Not really sure what to say, read because mentioned by Scott in We Are All Msscribe, and also because I was curious. The first two chapters are objectively hard to follow IMO it was only at about the third chapter I started following the abbreviations. It was super long, but was it “super worth it” i'm not sure. It's kind of absurd that I spent a nontrivial amount of time reading about harry potter fandom but also I love that I spent a nontrivial amount time reading about harry potter fandom.
My only complaint is the title. This books is meant for everyone and everyone should read it, whether you're a student, book writer or not. Perhaps those groups of people will find it the most useful, I certainly wish I has read this before university. But I truly do believe that almost anyone will find the slip box useful in an extremely significant way.
I really can't explain how much I like this book but I like it in this unexplainable way because it gives you such a helpful and useful system for organising raw knowledge. Before this book I had never even considered that this is something that should be organised, even though in GTD terms it definitely has represented an open loop in my mind for a very long time.
All I can say is: the sooner you read this book the better. The more books and articles and youtube videos you realised you could have watched with a slip box will depress you all the more after you finish Smart Notes.
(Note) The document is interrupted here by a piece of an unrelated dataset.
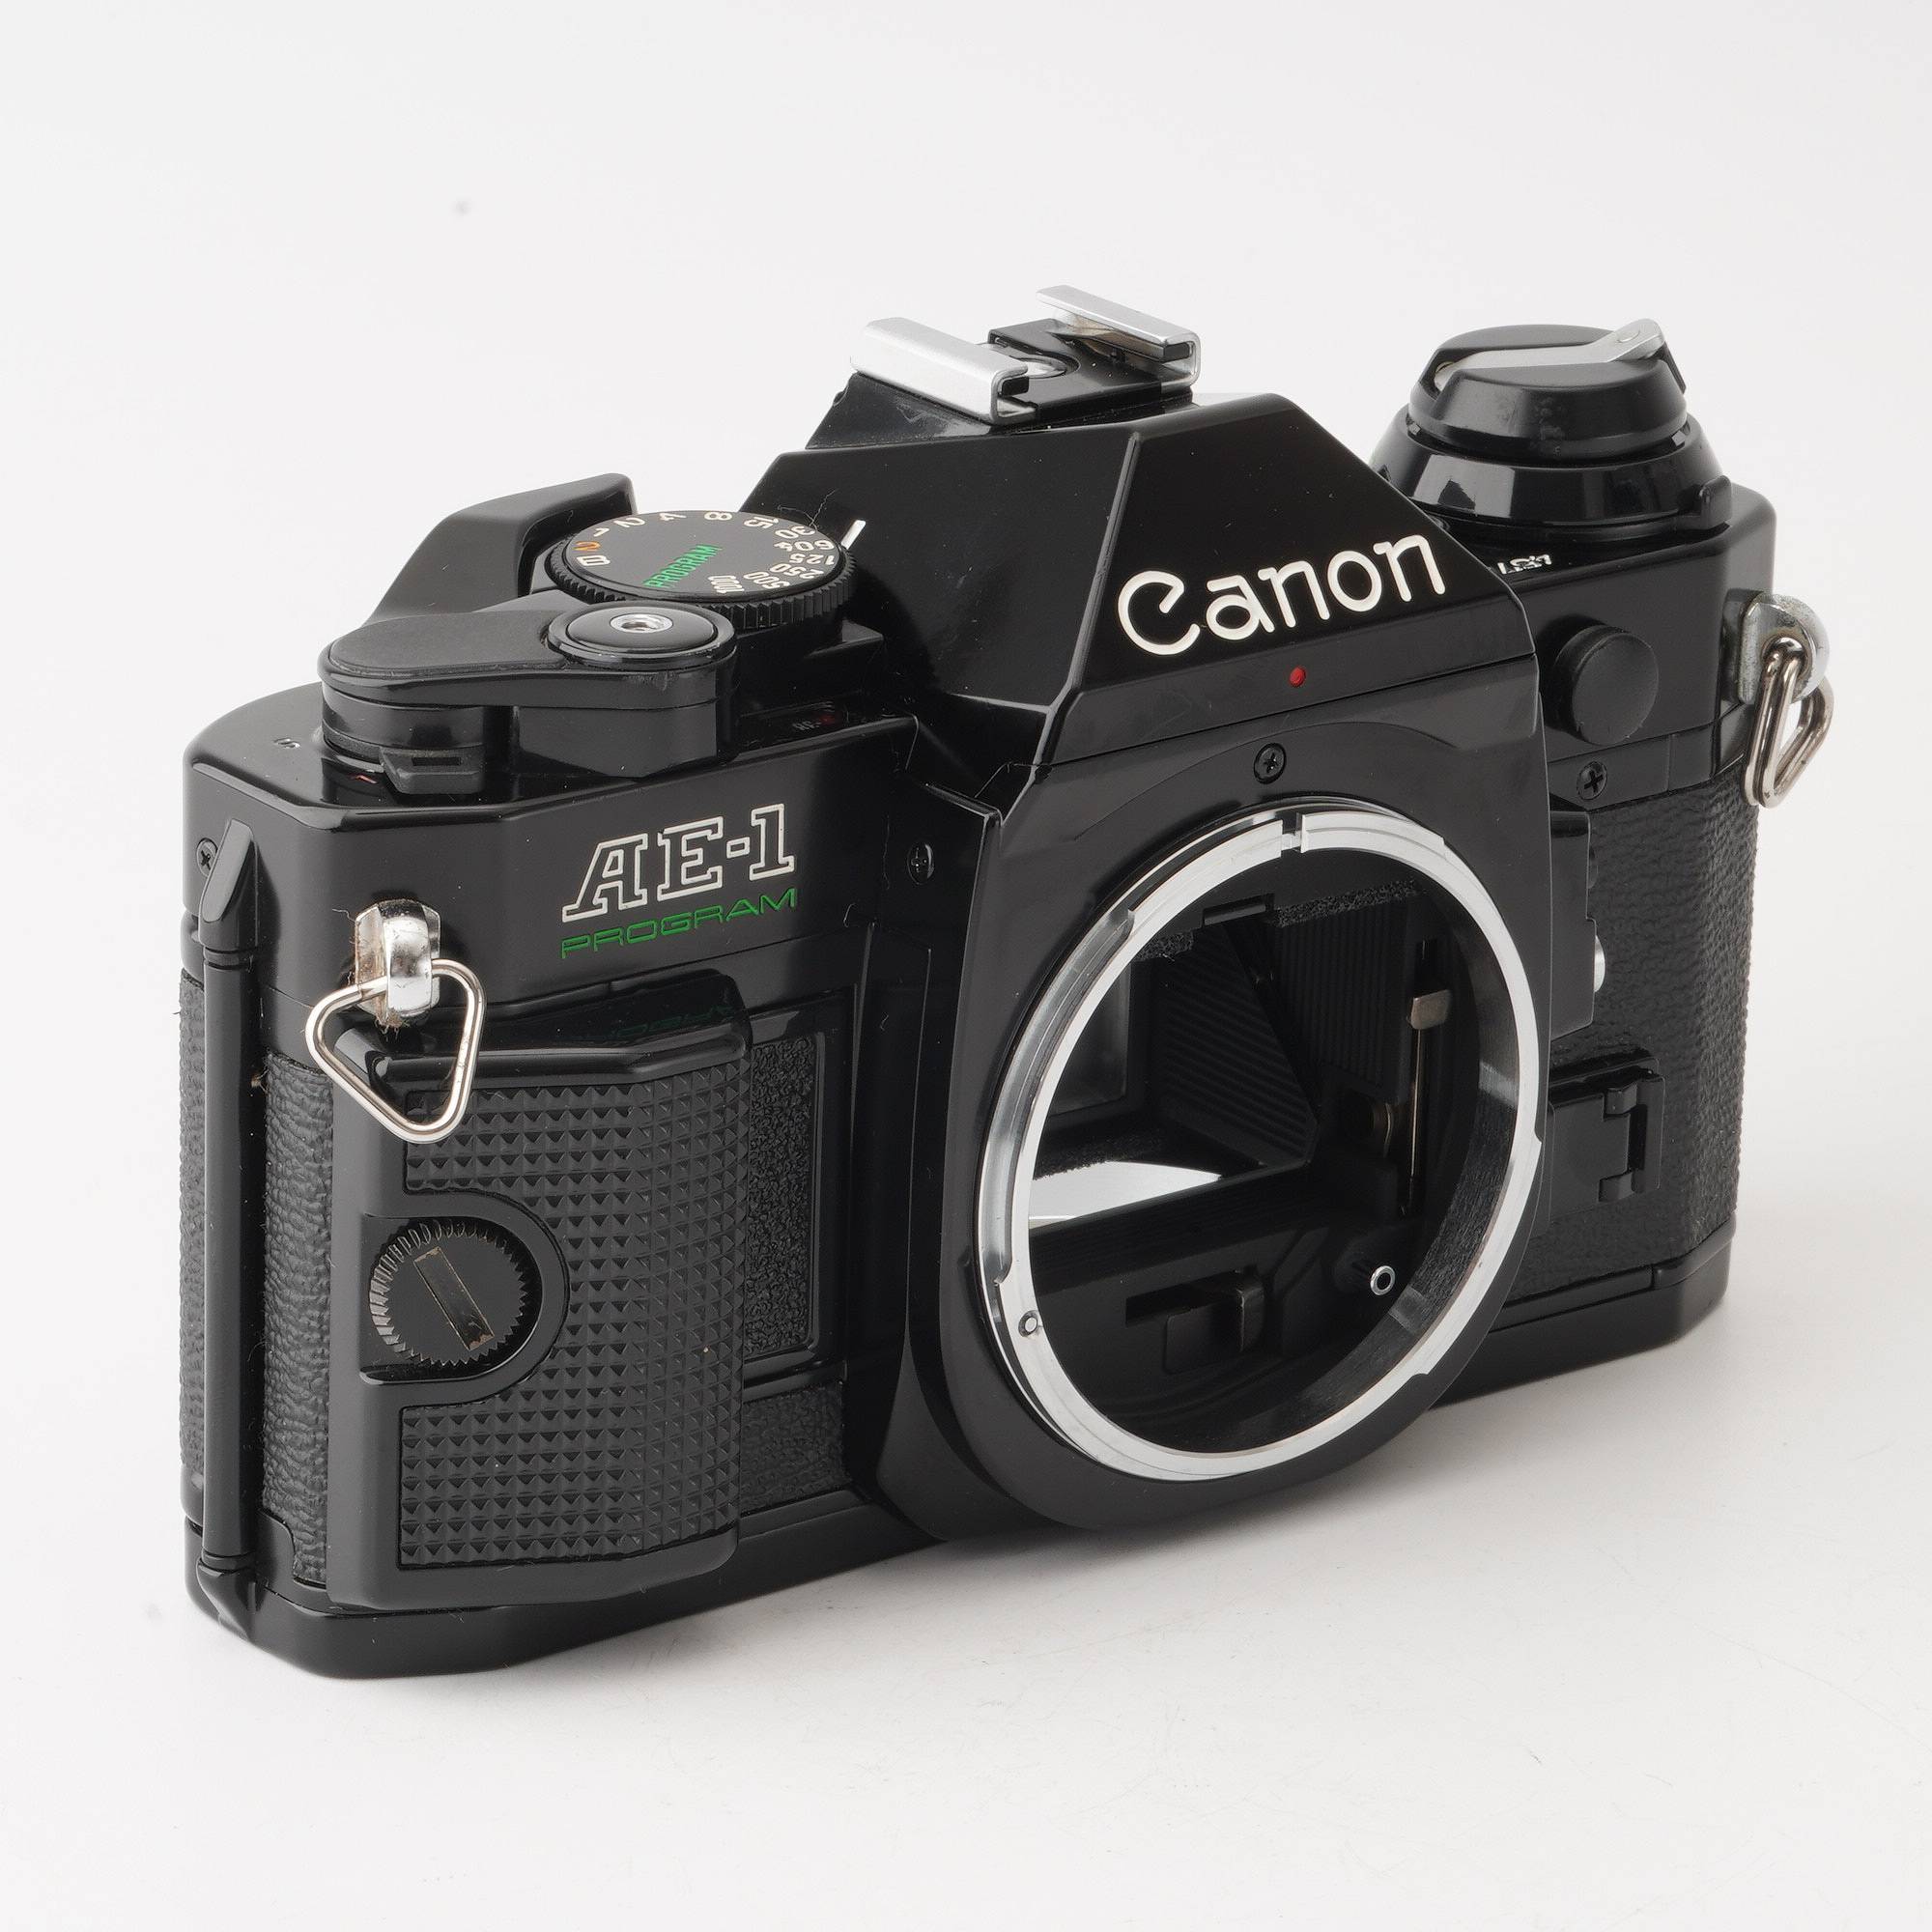 7,560円Canon AE-1  Program + NEW FD50mmf1.4

The arguments for having a slip box really do seem sound, and after reading the book I can't think of an alternative.
This was not great.
While I appreciate the core idea of “GTD but one at a time” the book never really goes beyond this and ends up repeating a bunch of sentences over and over again. And I'm not even sure if the strategy of only doing one habit of GTD at a time makes sense.
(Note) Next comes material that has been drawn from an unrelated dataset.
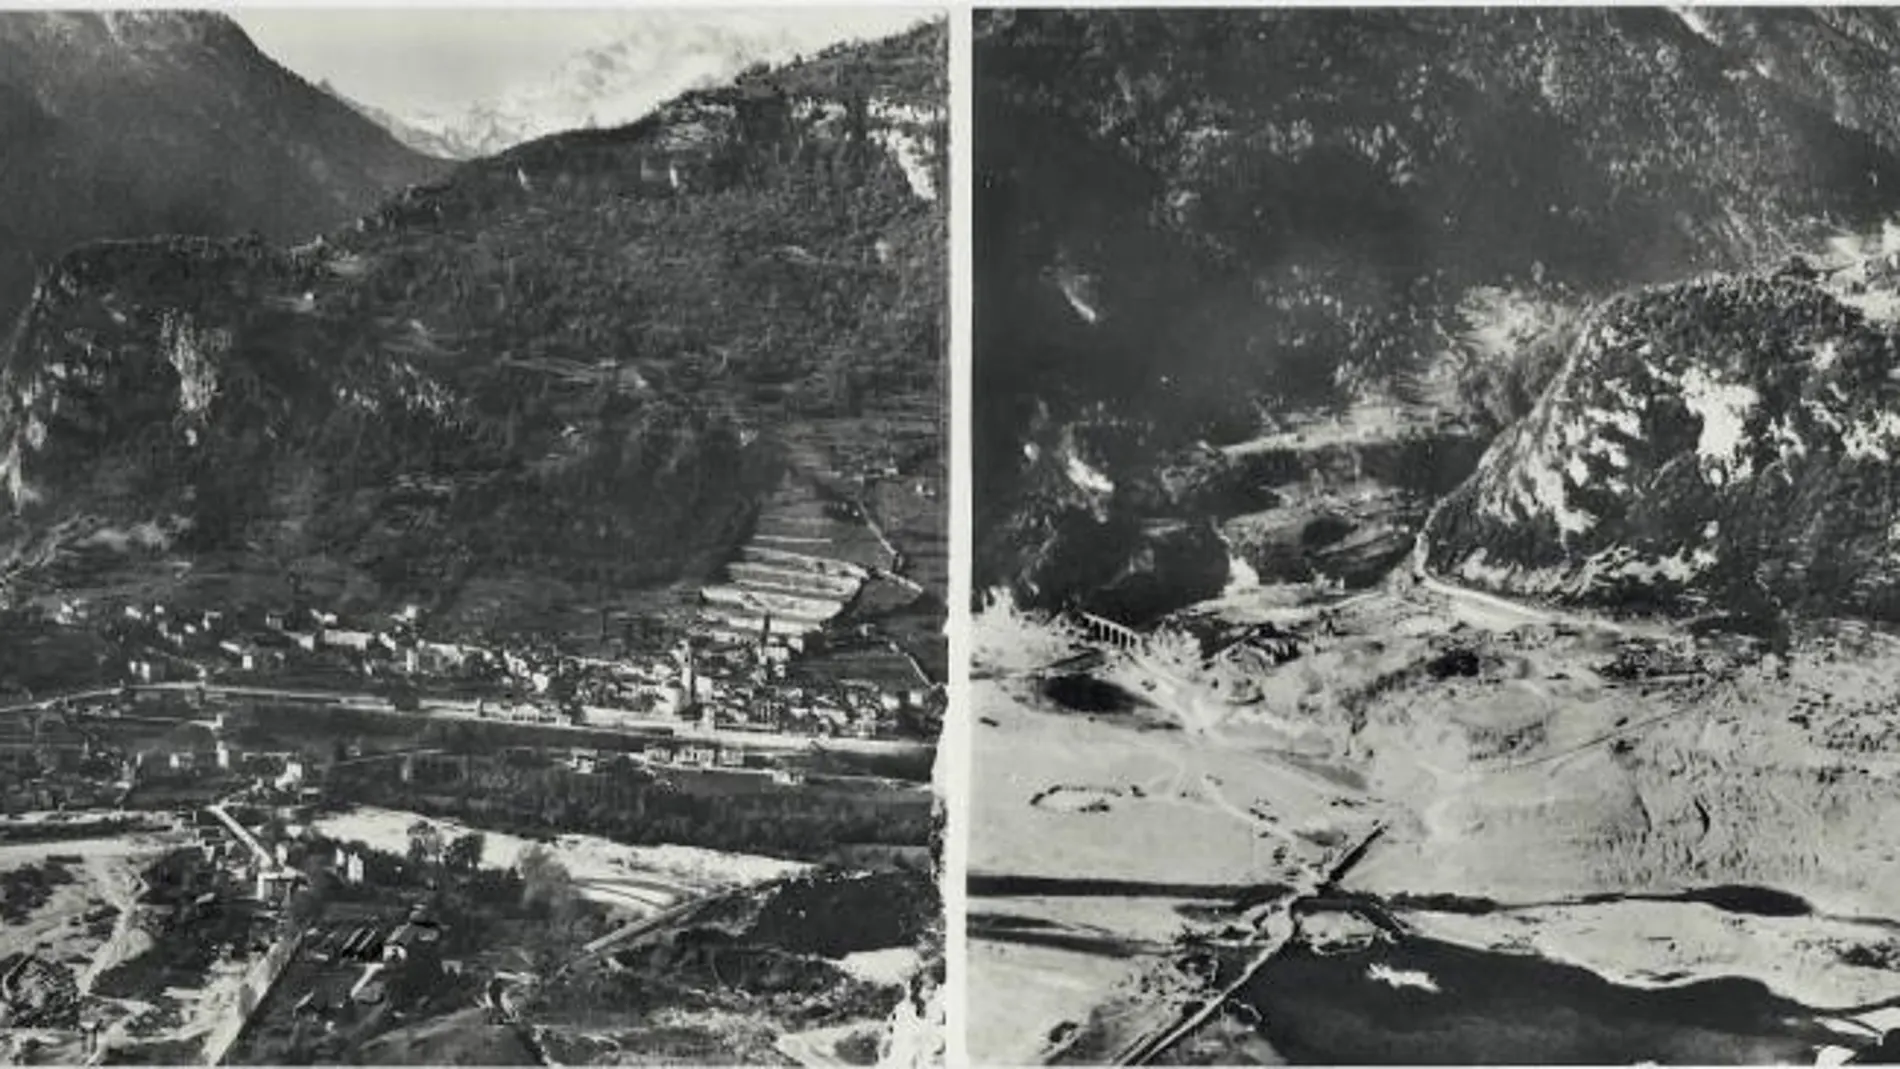 El pueblo de Longarone (Italia) vivió el mayor desastre de Europa en el siglo XX. A la izquierda, la villa antes de la riada. A la derecha, tras el paso del agua

For example if I decided to to the collection habit for a month and was very diligent at collecting all my open loops, productivitywise I think I would still be in a terrible position because the collection habit only makes sense if you are reviewing the lists you make also. If you are not regularly reviewing the list you collect open loops on your brain is probably going to pick up the loops because it doesn't trust that you will deal with them at some point. Or at least this is what David Allen would probably say, and I would definitely believe it.
The problem, though, is that it's not just these two habits that depend on each other but almost every habit in GTD and ZTD depends on each other. You can't have collection without review just as much as you can't have review without organisation.
The idea of doing only one of these habits at a time is not something I could imagine happening in any succesful way.
On top of that, even if I had to assume that you could somehow make this work by only doing one habit at a time, I found the actual content in the book very light and not nearly well substantiated enough.